Received date: 2024-10-13

  Revised date: 2024-11-28

  Online published: 2025-02-28

Supported by

the “Western Light” Interdisciplinary Team Project of the Chinese Academy of Sciences(xbzg-zdsys-202304);The Science and Technology Program of Gansu Province(22ZD6FA005)

摘要

三江源地区是我国重要的水源涵养地与生态保护区,揭示其冻融指数特征变化可为当地多年冻土环境评估以及应对气候变化提供科学依据。利用第三极地区地面气象要素驱动数据集TPMFD的逐日气温数据,通过大气冻融指数等方法分析了该地区1979—2022年大气冻融指数的时空变化特征。结果表明,近44年三江源地区大气冻结指数平均为1 930.23 ℃·d,在空间上呈现自西向东逐渐降低的特征;融化指数表现出相反的空间格局,平均值为879.25 ℃·d。总体来看,近44年三江源地区大气冻结指数以-10.01 ℃·d/a的速率呈波动减少趋势,且在2001年发生突变;融化指数以6.29 ℃·d/a的速度呈波动上升趋势,没有发生显著的突变。海拔作为关键影响因子,对三江源地区冻融指数表现出显著的相关性,海拔每升高100 m,研究区融化指数约减少87 ℃·d,冻结指数约增加107 ℃·d。

本文引用格式

倪杰 , 吴通华 , 张雪 , 朱小凡 , 陈杰 , 杜宜臻 . 19792022年三江源地区大气冻融指数时空变化特征分析[J]. 地球科学进展, 2024 , 39(12) : 1299 -1310 . DOI: 10.11867/j.issn.1001-8166.2024.095

Abstract

The Three Rivers Source Region (TRSR) is an important water source and ecological reserve in China, and analyzing the variation characteristics of its freeze-thaw index provides a scientific basis for assessing the local permafrost environment and its response to climate change. In this study, the temporal and spatial characteristics of the air freezing and thawing indices in the TRSR from 1979 to 2022 were analyzed using daily air temperature data from a high-resolution near-surface meteorological forcing dataset for the Third Pole region, applying the air freezing and thawing index and other methods. The results show that the mean freezing index in the TRSR over the past 44 years was 1 930.23 °C·d, exhibiting a spatial pattern of gradual decrease from west to east. By contrast, the thawing index displayed an opposite spatial pattern with an average value of 879.25 °C·d.
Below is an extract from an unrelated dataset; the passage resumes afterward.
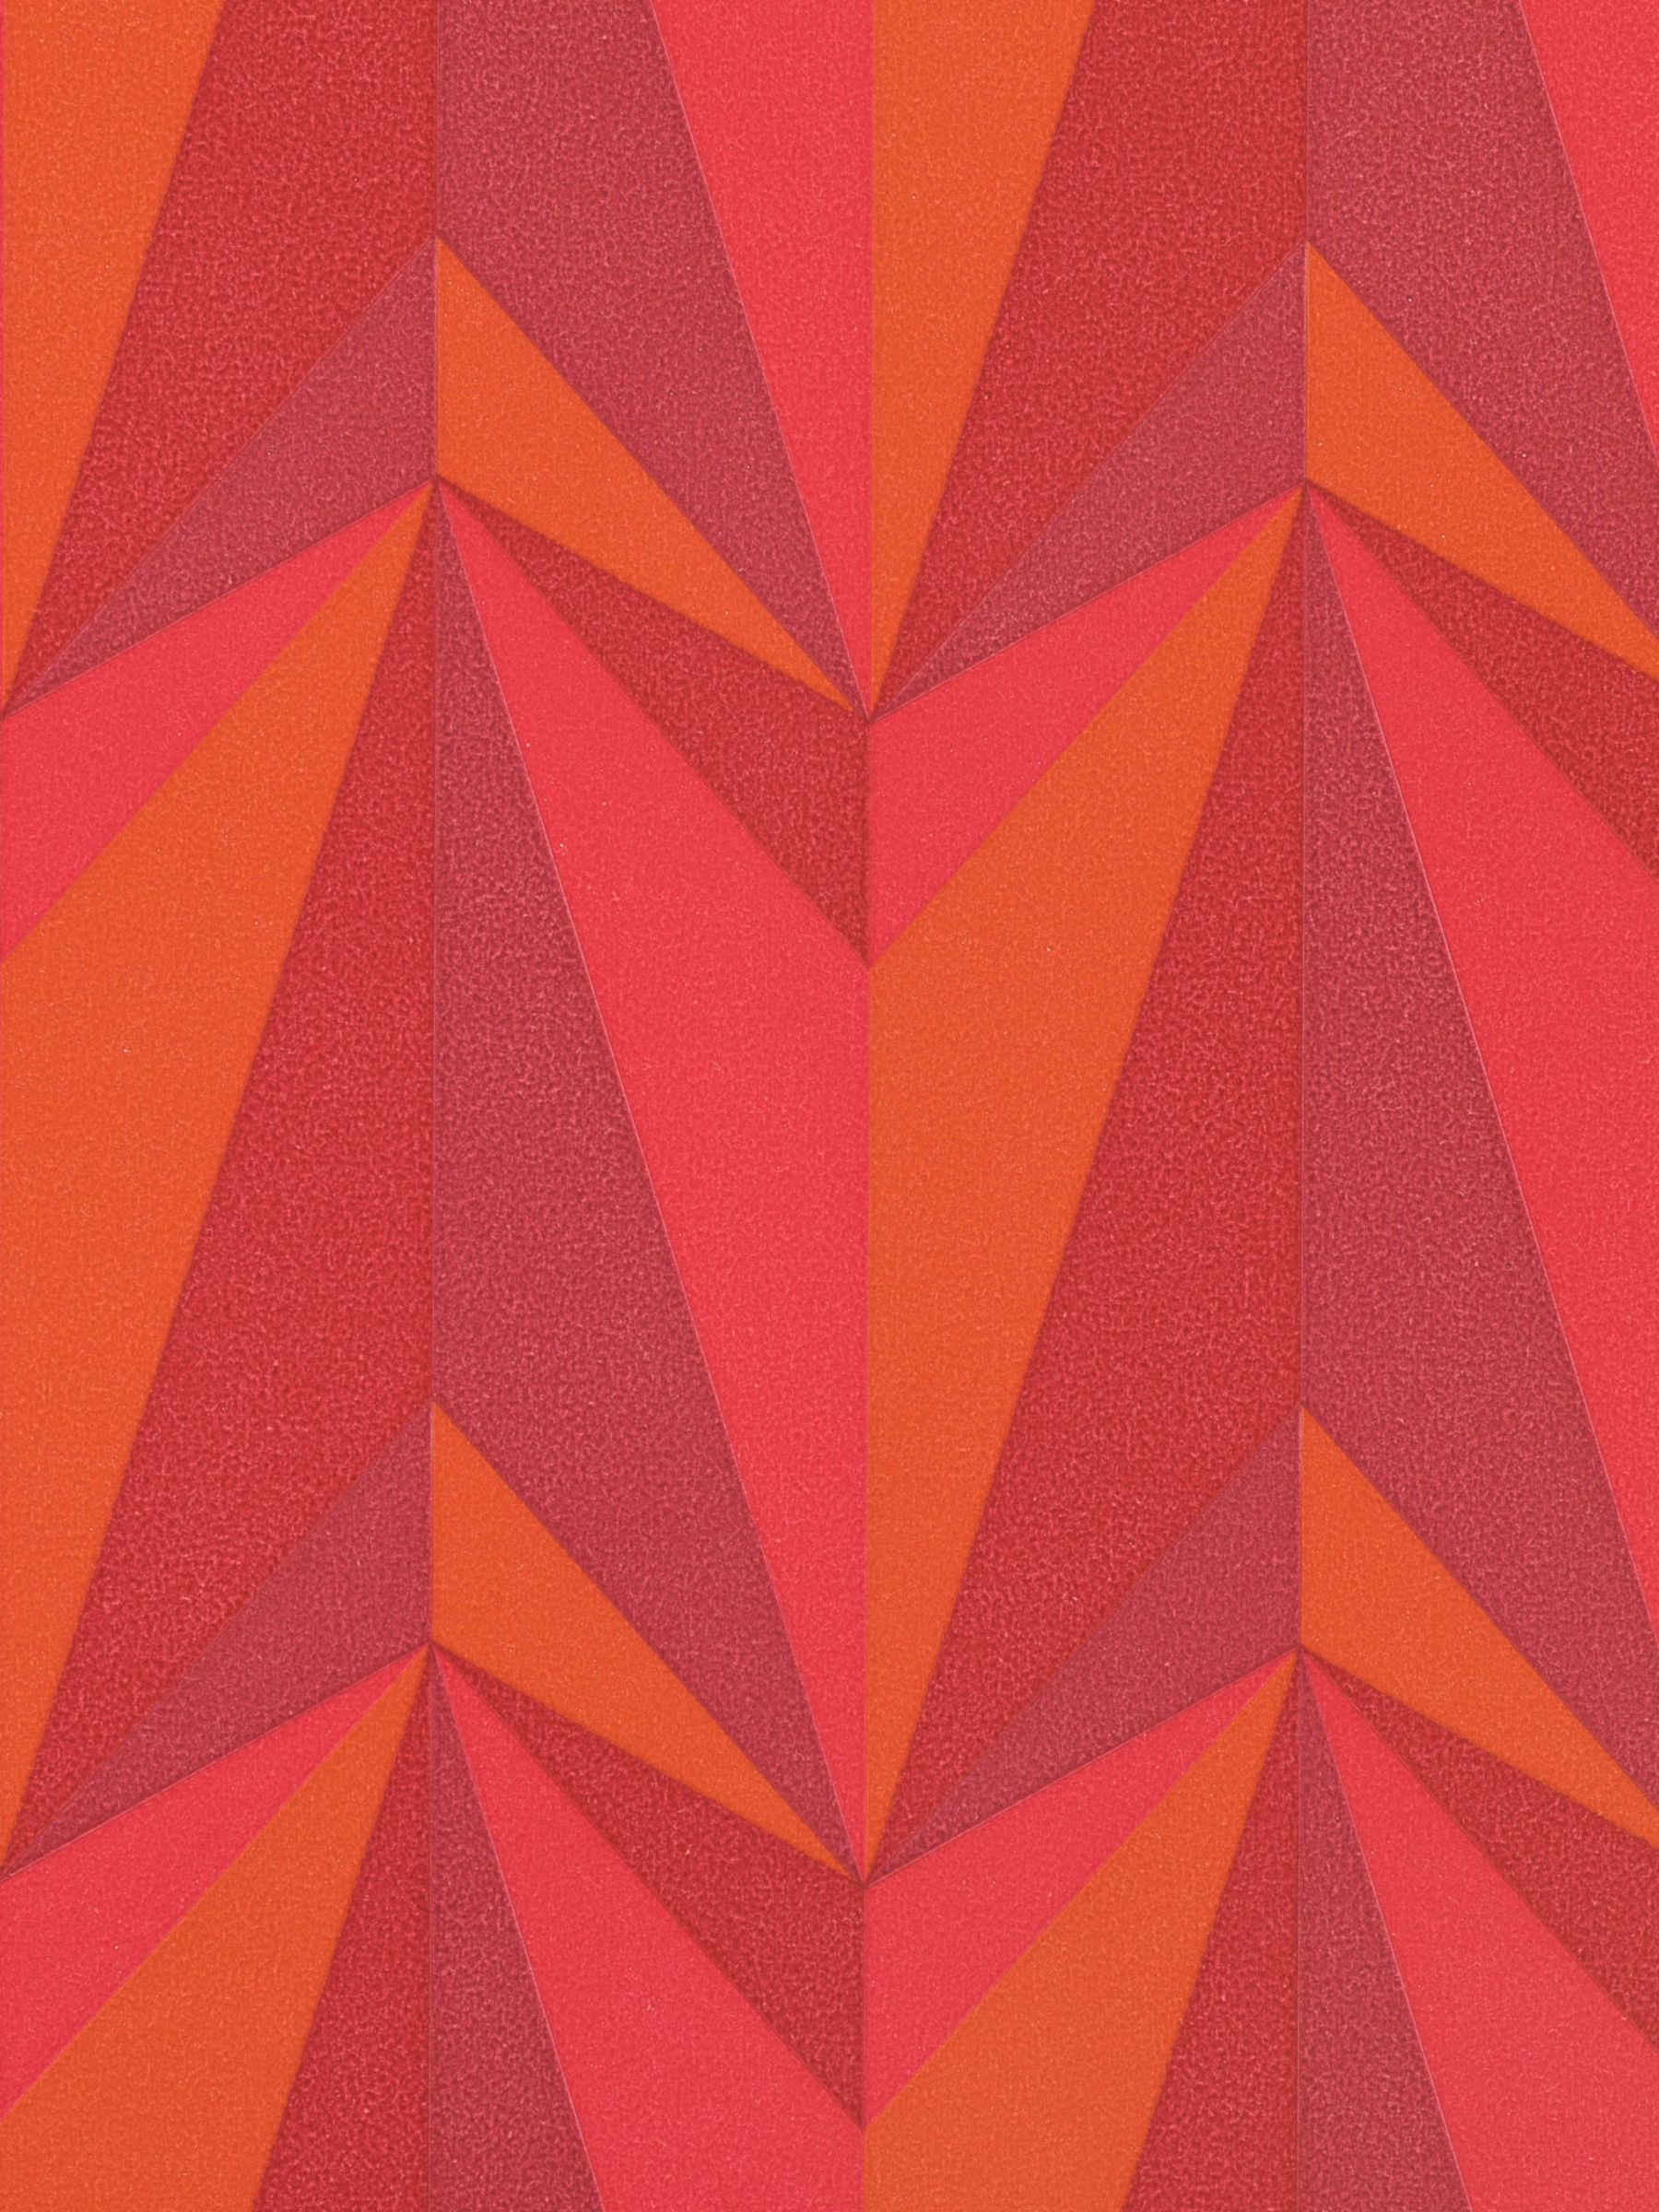 範囲の壁紙デザイン,オレンジ,パターン,赤,三角形,設計

Overall, the freezing index in the TRSR has shown a fluctuating downward trend at a rate of -10.01 °C·d/a over the past 44 years, with an abrupt change in 2001, whereas the thawing index has exhibited a fluctuating upward trend at a rate of 6.29 °C·d/a, with no significant abrupt change. Altitude, a key factor influencing freezing and thawing indices in the TRSR, showed significant correlations. For every 100 m increase in altitude, the thawing index decreased by approximately 87 °C·d, whereas the freezing index increased by approximately 107 °C·d.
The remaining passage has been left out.